Dans un cluster Z, propriétaire d’un processus P, le noyau peut décider d’invalider une entrée d’une PT(P,Z). Cela peut se produire par exemple en cas de pénurie de mémoire dans le cluster Z, ou simplement en cas de munmap(). Sauf si le vseg concerné est de type STACK, l’entrée invalidée dans la PT(P,Z) doit aussi être invalidée dans les PT(P,K) des autre clusters. Pour ce faire, le noyau du cluster Z doit broadcaster une PT_INVAL_BCRPC vers tous les autres clusters actifs de P.

6) Optimisation des RPC broadcast

Dans une RPC broadcast, tous les clusters destinataires doivent signaler la terminaison en incrémentant de façon atomique un compteur de réponses, qui est scruté par le cluster initiateur.

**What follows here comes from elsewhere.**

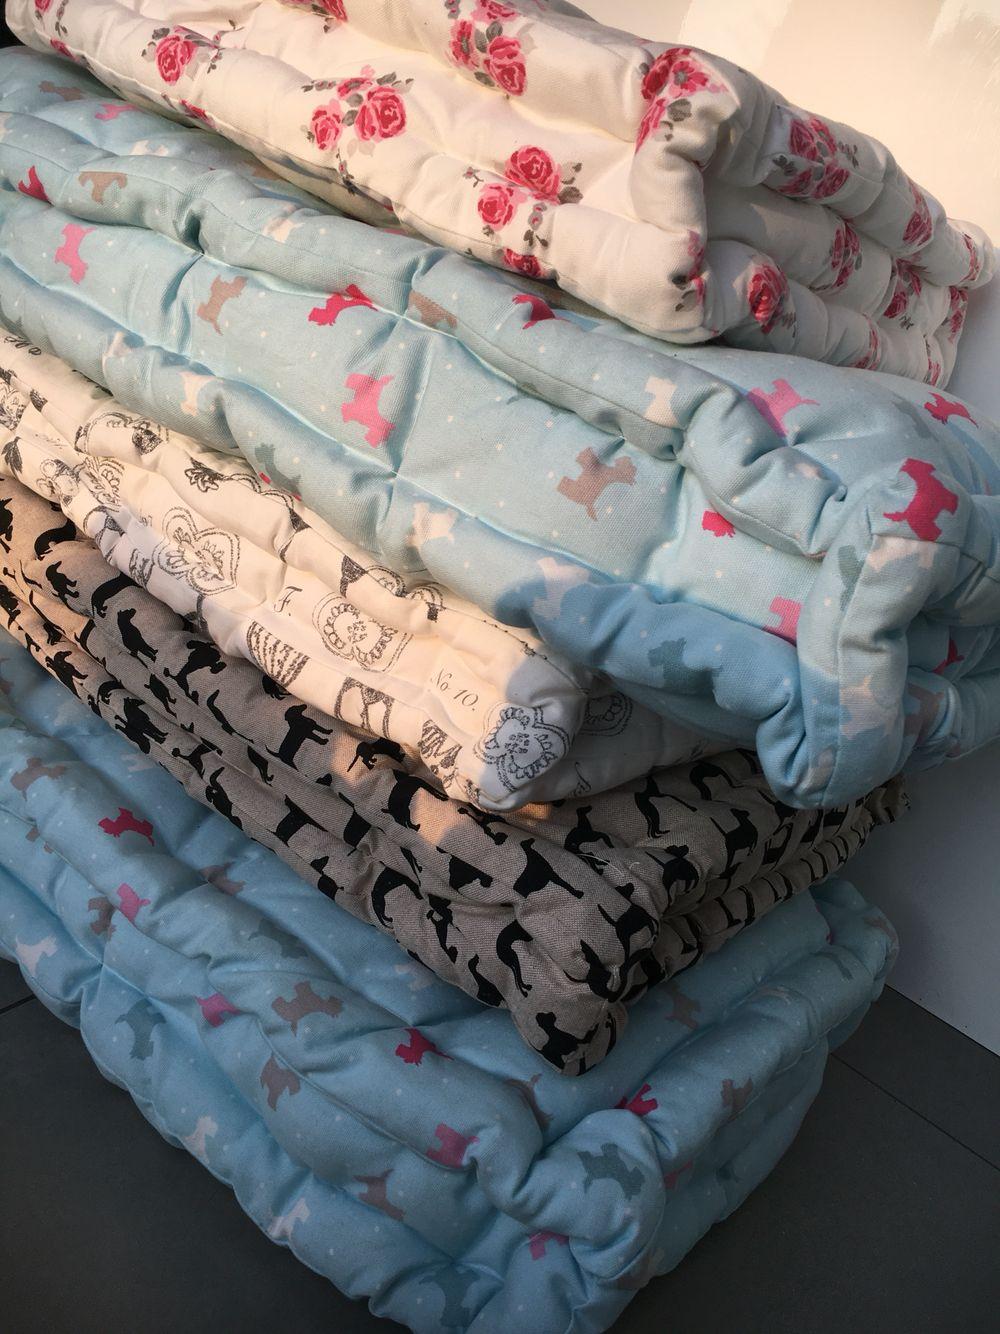 Piled Handmade Quilted Cushion Mattress Tufted Cushion

Pour réduire le nombre de destinatiares, le descripteur du processus P du cluster propriétaire Z peut maintenir quatre variables XMIN, XMAX, YMIN, YMAX définissant le rectangle minimal recouvrant tous les clusters actifs de P à tout instant. Dans ce cas une RPC broadcast ne doit être envoyée qu’a (XMAX - XMIN + 1) * (YMAX - YMIN +1) destinataires. Ces variables sont mises à jour à chaque création de thread.

7 ) Optimisation du traitement des défauts de page

Pour réduire le nombre de RPC causés par les défauts de page, le noyau d’un cluster X qui détecte un défaut de page peut utiliser un remote_read() dans la table PT(P,Z) du cluster de référence au lieu d’une PT_MISS_RPC. Ceci impose cependant d’utiliser un lock multi-lecteurs pour éviter un état incohérent dans le cas d’une transaction PT_INVAL_BC_RPC simultanée initiée par le cluster Z : Ce lock doit être pris systématiquement par le cluster propriétaire avant un PT_INVAL_BC_RPC, et par les autres clusters avant un remote_read(). Il garantit que le PT_INVAL_RPC ne sera lancé qu’après la fin de tous les remote_read() en cours. Il garantit qu’aucun nouveau remote_read() ne sera plus accepté avant la completion du PT_INVAL_RPC.